By 7:45 a.m. "Tony" and most of the other targets were in custody.
In so many ways, Tuesday's bust was a model operation. Standing out
there on the street, it was hard not to be impressed with the
efficiency and professionalism of the officers involved. But at the
end of the day we all have to ask ourselves what exactly is being
accomplished in the war on drugs?
Right this minute some poor farmer in Afghanistan under the leadership
of U.S.-supported warlords is growing a field full of poppies in order
to feed his family. Afghanistan is functionally a narco-state, now
producing 87 percent of the world's opium, more than it did under the
Taliban. And though the Defense Department is now trying to be more
aggressive in attacking this problem, it's too little way too late.

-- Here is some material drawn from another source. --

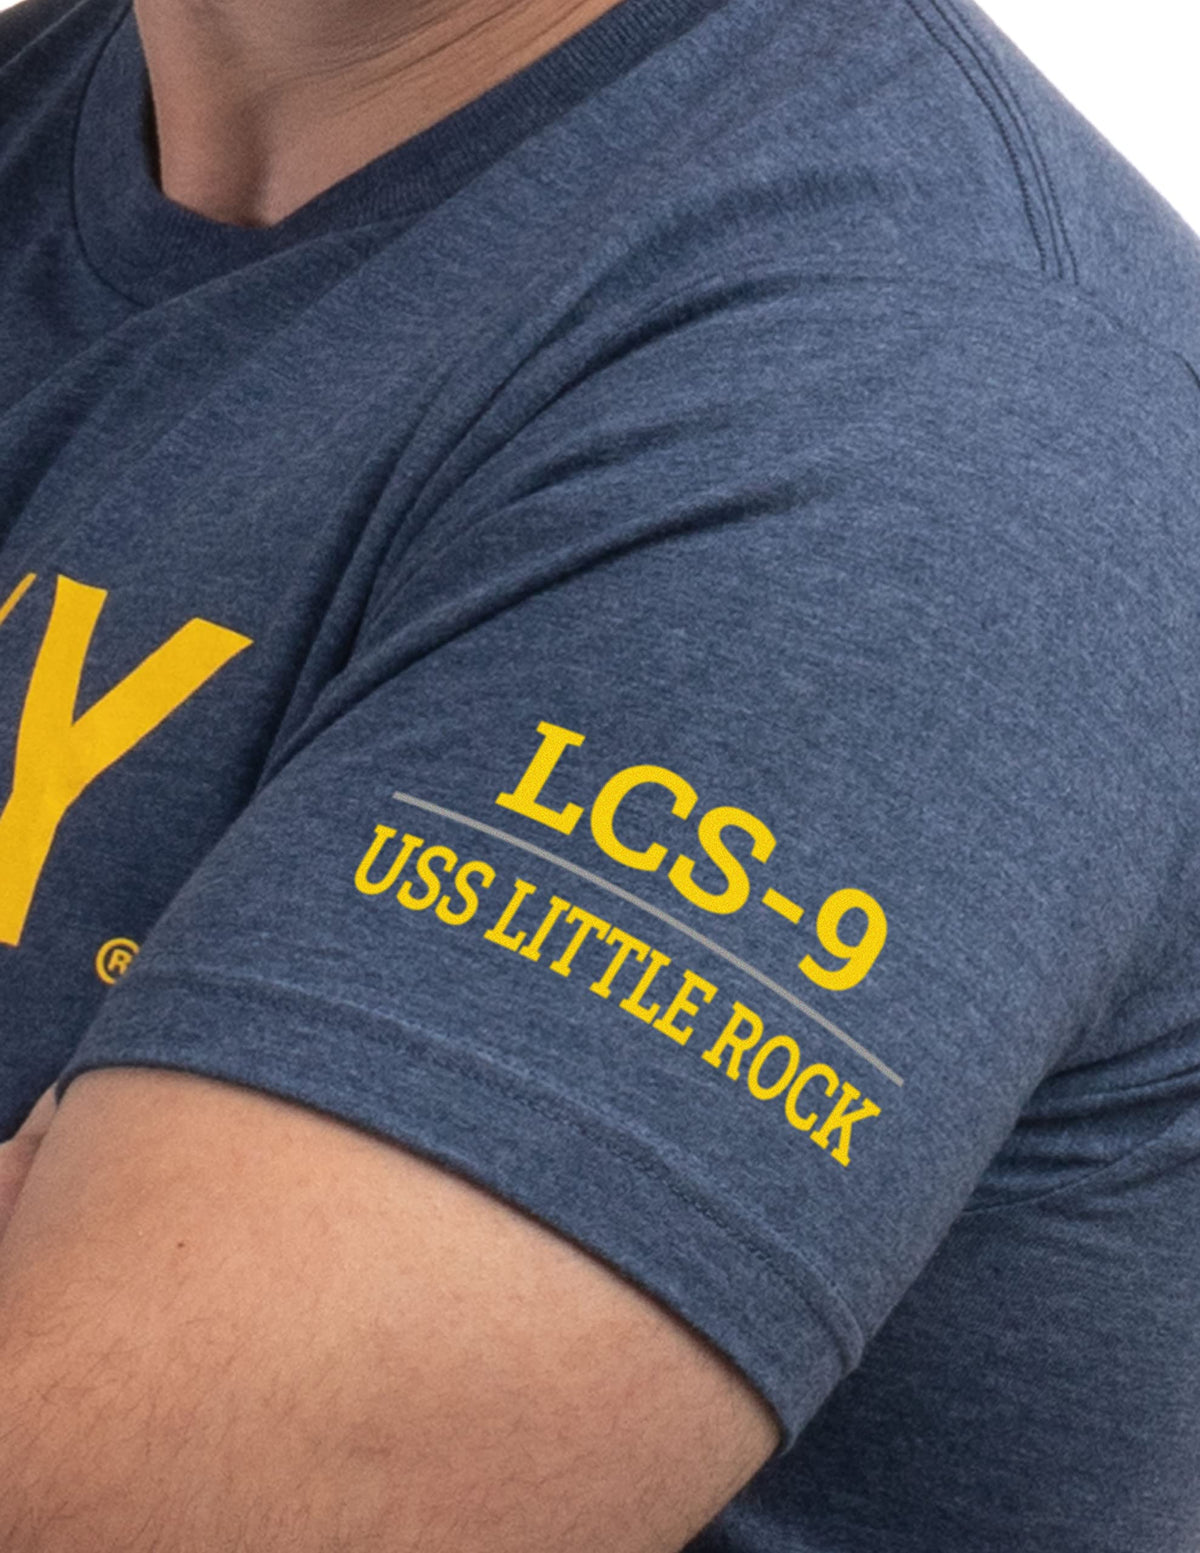 USS Little Rock, LCS-9 | U.S. Navy Sailor Veteran USN United States Naval T-shirt for Men Women

Here at home, heroin is seeping into all of our communities whether we
want to admit it or not. Down in Bureau County, state Rep. Frank
Mautino (D-Spring Valley) has proposed new, tougher legislation based
on the number of "blows" or doses of heroin, in a person's possession.
He's doing his best to scare straight the users and dealers in his own
community. I don't blame him for trying, but it's like sticking a
finger in a crumbling dike.
Until we address the contradictions between our foreign and domestic
policy when it comes to drugs, we will lose this war. Until we deal
with addiction as forcefully as we do incarceration in this country,
we will keep losing this war. And even the most dedicated and talented
members of law enforcement like Tim Trevier and Dorothy Knudson are
doomed to fail.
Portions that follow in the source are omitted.